Renal microangiopathies and membranoproliferative GN (MPGN) can manifest similar clinical presentations and histology, suggesting the possibility of a common underlying mechanism in some cases. Here, we performed homozygosity mapping and whole exome sequencing in a Turkish consanguineous family and identified DGKE gene variants as the cause of a membranoproliferative-like glomerular microangiopathy. Furthermore, we identified two additional DGKE variants in a cohort of 142 unrelated patients diagnosed with membranoproliferative GN. This gene encodes the diacylglycerol kinase DGKε, which is an intracellular lipid kinase that phosphorylates diacylglycerol to phosphatidic acid.

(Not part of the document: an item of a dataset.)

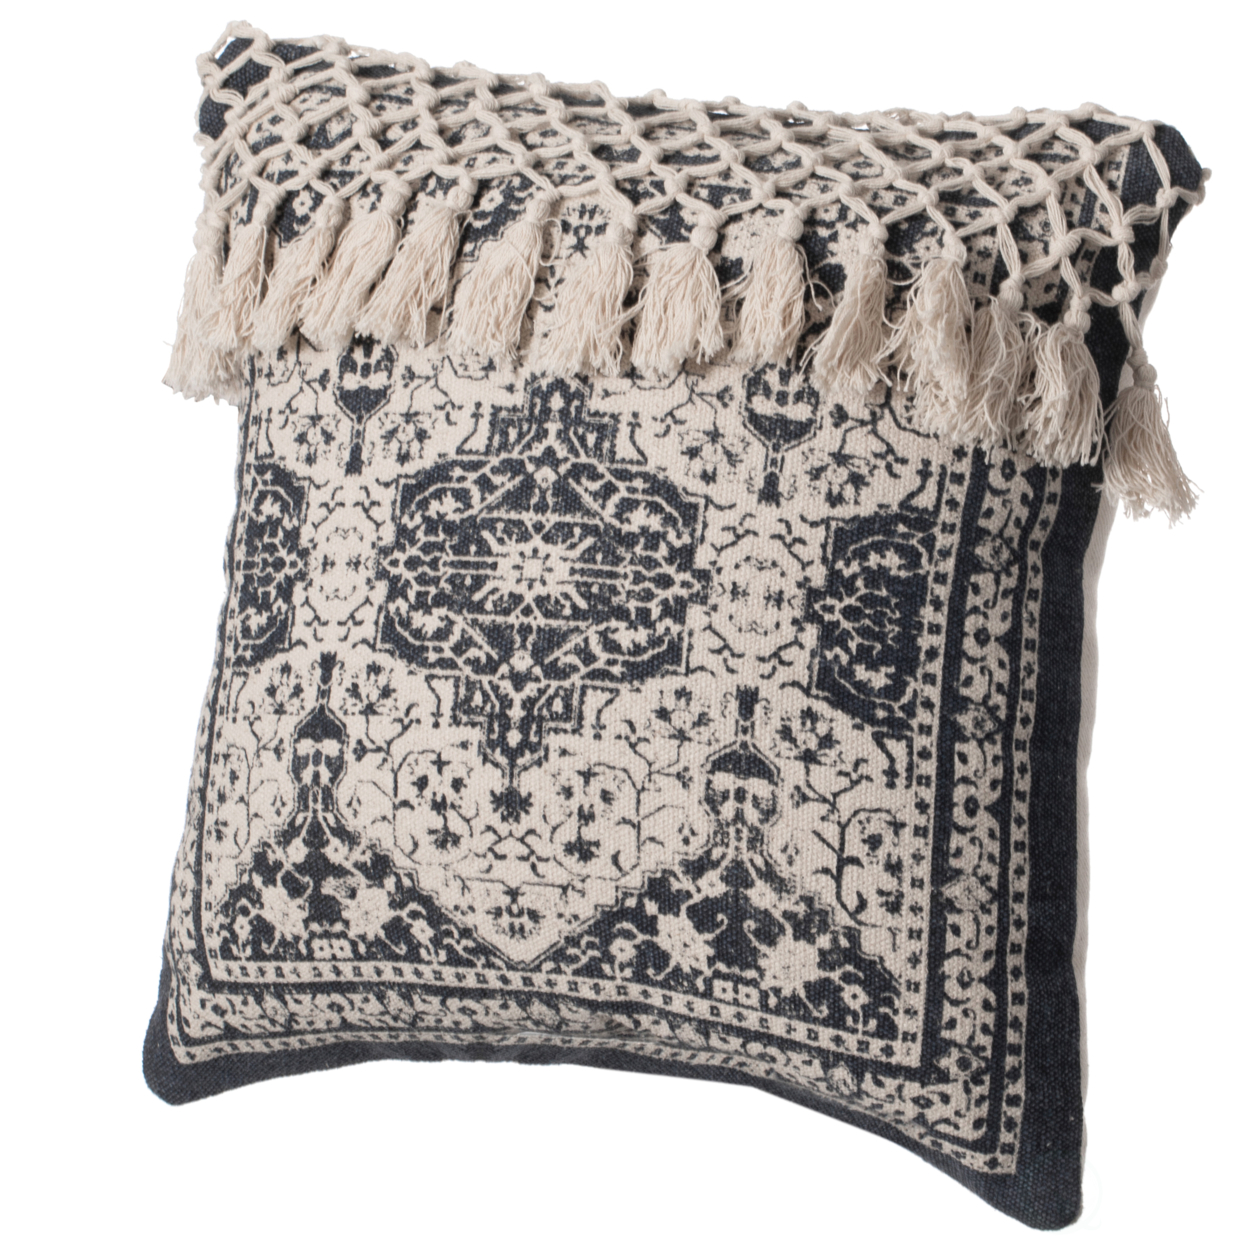 16 Handwoven Cotton Throw Pillow Cover With Traditional Pattern And Tasseled Top - Navy
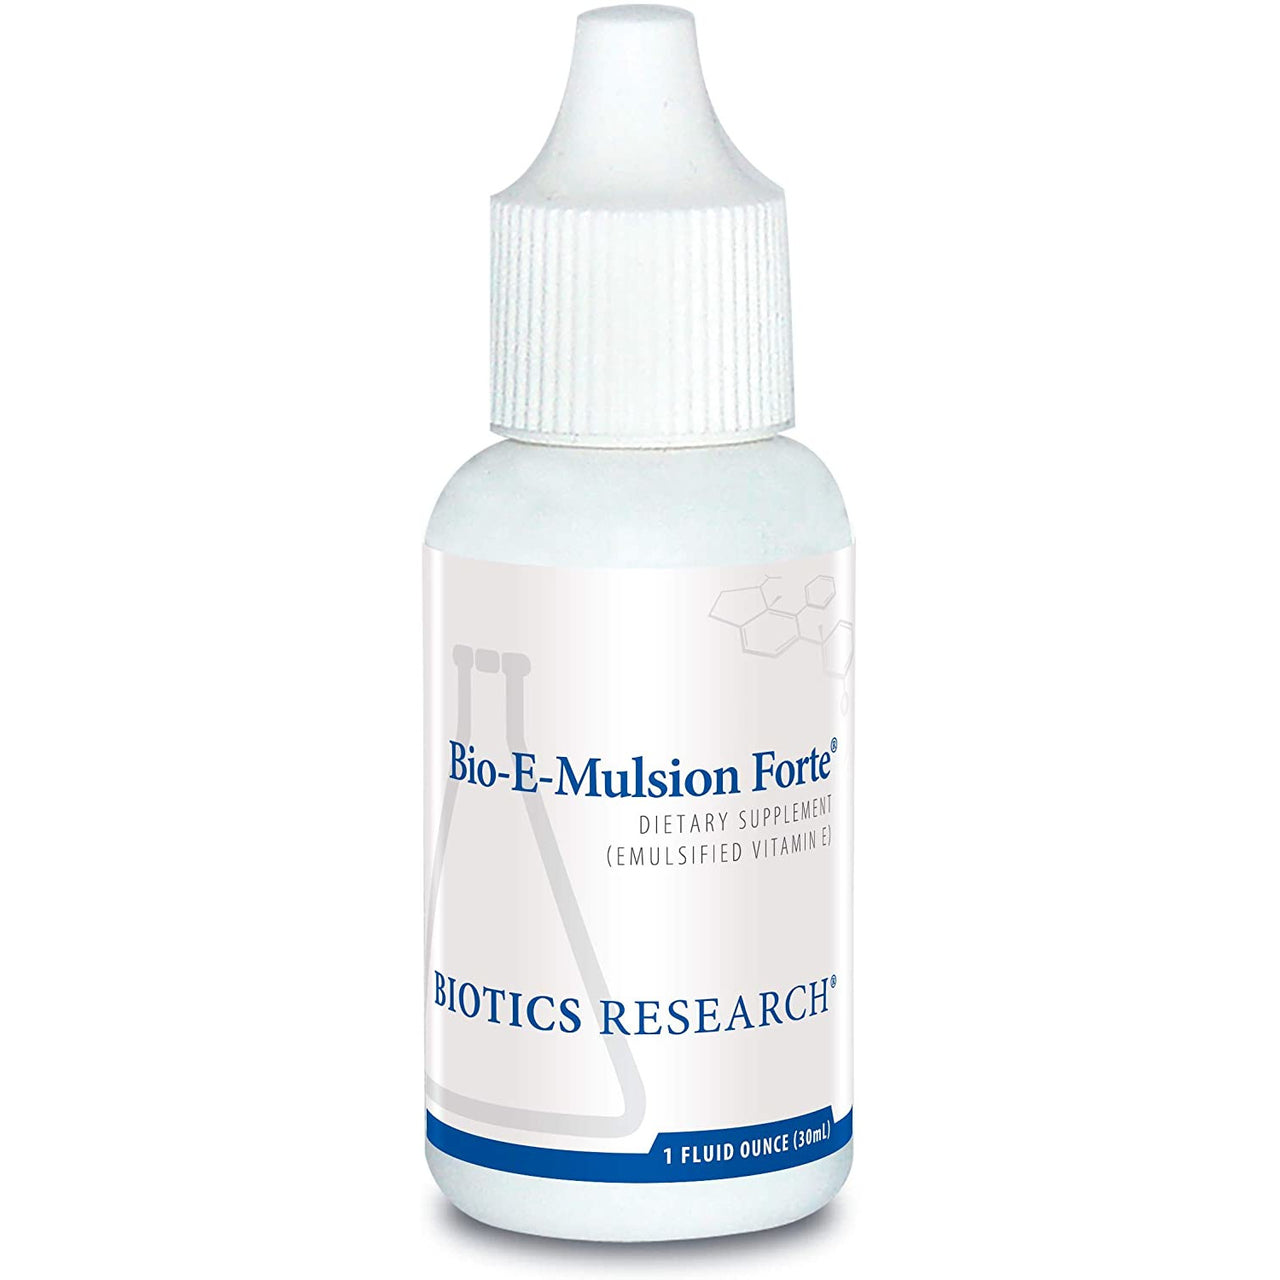 Bio E Mulsion Forte - Biotics Research - Vitamin E, Emulsified, Supports Cell Function, Potent Antioxidant Supports Immune Function

Immunofluorescence confocal microscopy demonstrated that mouse and rat Dgkε colocalizes with the podocyte marker WT1 but not with the endothelial marker CD31. Patch-clamp experiments in human embryonic kidney (HEK293) cells showed that DGKε variants affect the intracellular concentration of diacylglycerol. Taken together, these results not only identify a genetic cause of a glomerular microangiopathy but also suggest that the phosphatidylinositol cycle, which requires DGKE, is critical to the normal function of podocytes.

Figure 1.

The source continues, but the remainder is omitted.